2. It was difficult to set start and stop points

I can't take credit for 100% of this design. I stole it from David Marks, with one exception. His bracket on the underside was fixed and he uses shims to adjust the left/right to line up where to make the cut on the piece. I made the bracket adjustable

I built this and tested it this weekend, and it worked really well. Once I have it setup, it is set for multiple cuts on all the pieces. The last picture shows my tests on a 4x4 piece of fir, along with the test tenon I made.

The only drawback to this design that I have found so far (and actually a drawback to both designs) is that you lose the max depth of the router bit by the thickness of the base you are working with (in my case a 1/2")


----------



## ACP (Jan 24, 2009)

That's a good looking jig. It certainly does suck to lose 1/2" of depth , but it sure beats messy mortises. Thanks for posting this, I think I may try to build one of these in the future.

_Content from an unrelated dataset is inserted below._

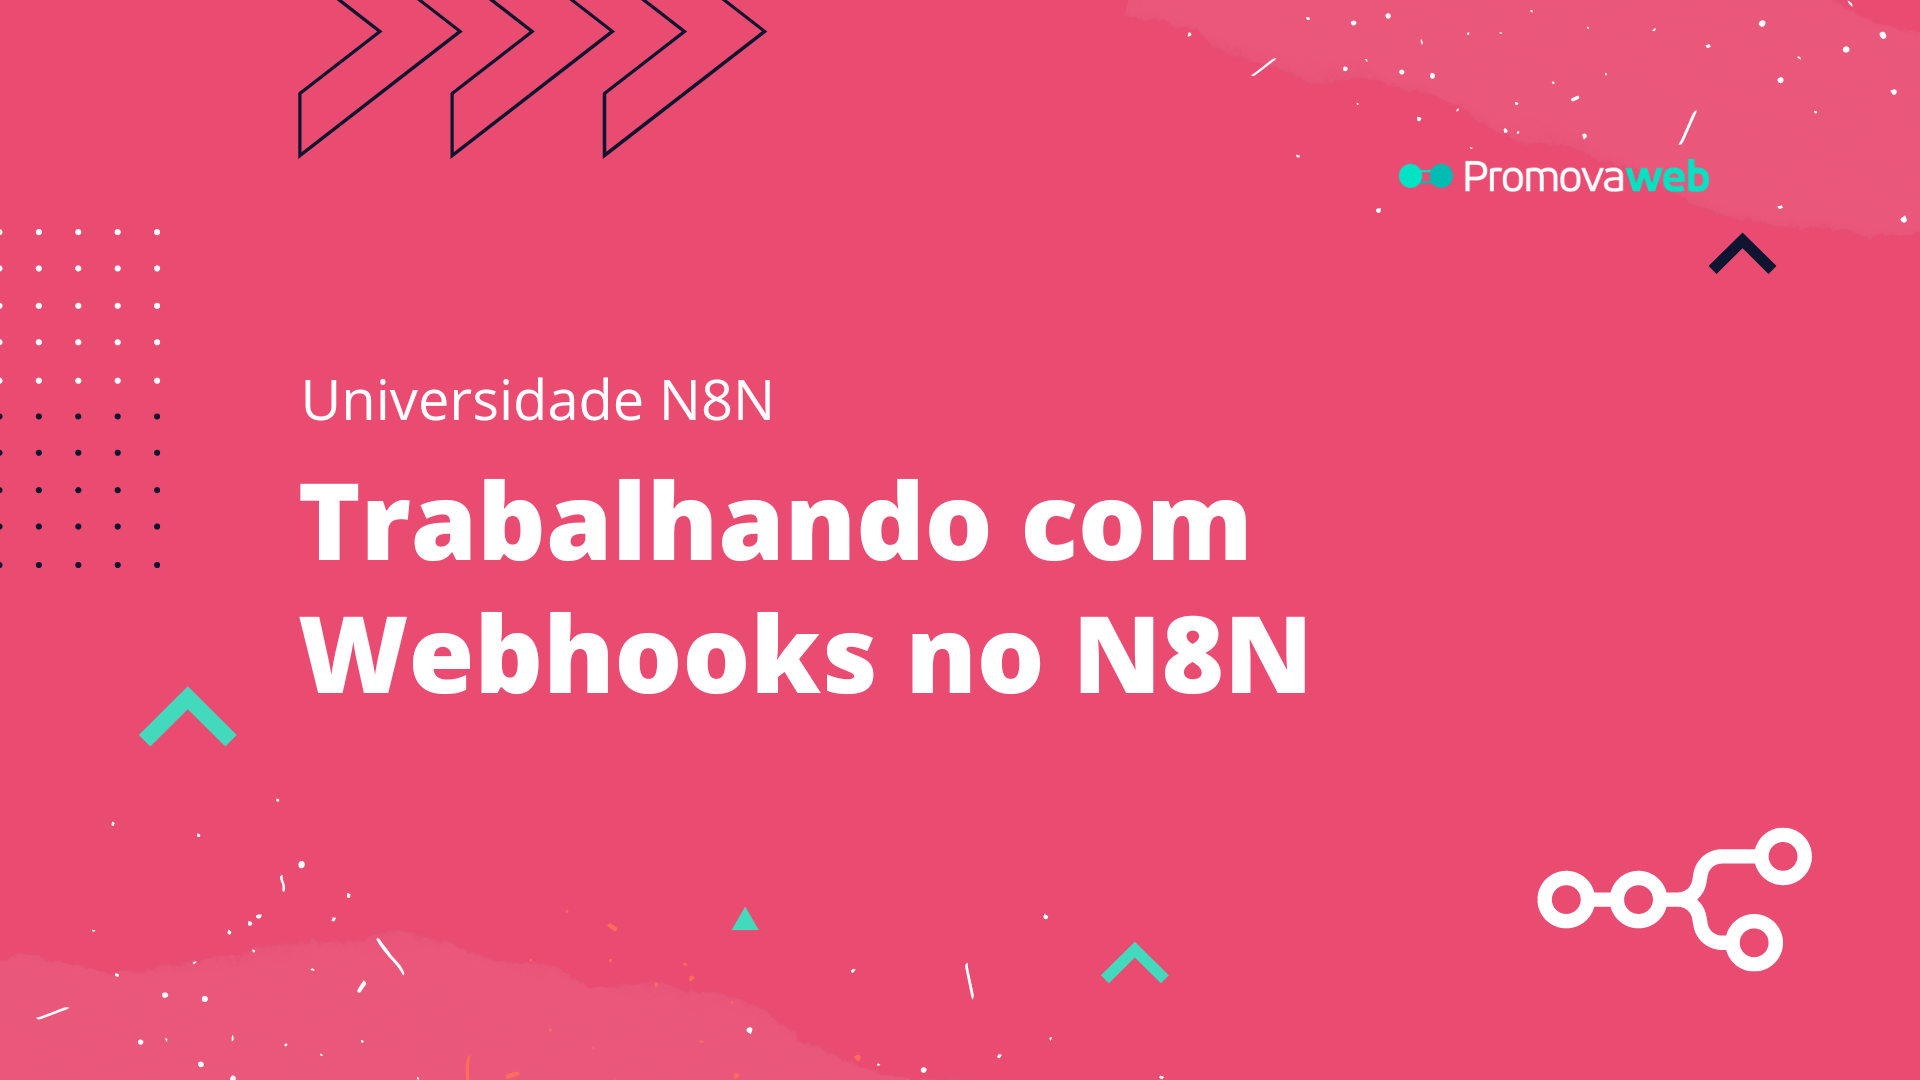 Trabalhando com Webhooks no N8N

Jigs are almost as fun to make as actual projects!


----------



## Wood4Fun (Aug 29, 2008)

ACP said:


> That's a good looking jig. It certainly does suck to lose 1/2" of depth


I'm considering making a second one and using masonite as the base. I'm thinking it would maintain its rigidity by having the 1/2" MDF stops attached to the top and bottom.



> but it sure beats messy mortises


It does make a very nice and clean mortise. I had a mortising machine for a while but I never really liked it. As soon as I made my first mortise router jig I sold it on Craigslist


----------



## rrich (Jun 24, 2009)

Wood4Fun said:


> I had a mortising machine for a while but I never really liked it.

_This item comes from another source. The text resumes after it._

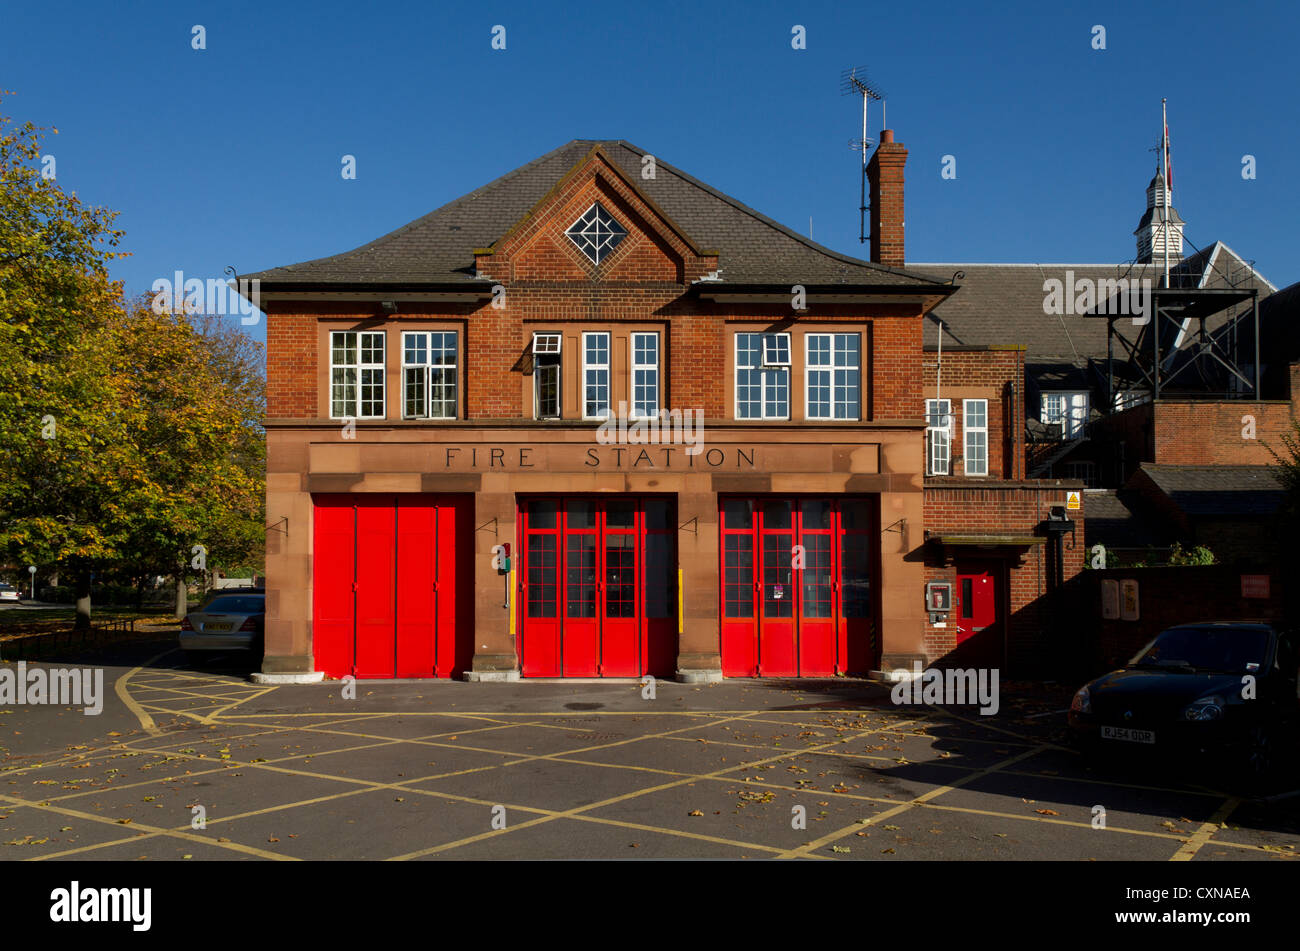 Fire Station, Mitcham, London, UK Stock Photo

I have one also. It is probably the most underwhelming power tool that I ever purchased. 

There is one thing that I've learned about the tool. The flat part of the auger bit should be about dime thickness below the points of the square chisel.


----------



## niki (Jul 16, 2007)

Looks very nice jig

Interestingly, I never built a jig like that...till not long ago, I used the drill press but now, I'm using the router table to cut "Loose tenon"...from the last picture, I can see that you also have in mind the Loose tenon...

niki


----------



## Wood4Fun (Aug 29, 2008)

niki said:


> Looks very nice jig
> 
> Interestingly, I never built a jig like that...till not long ago, I used the drill press but now, I'm using the router table to cut "Loose tenon"...from the last picture, I can see that you also have in mind the Loose tenon...
> 
> niki


Coming from the master of all jigs, I thank you.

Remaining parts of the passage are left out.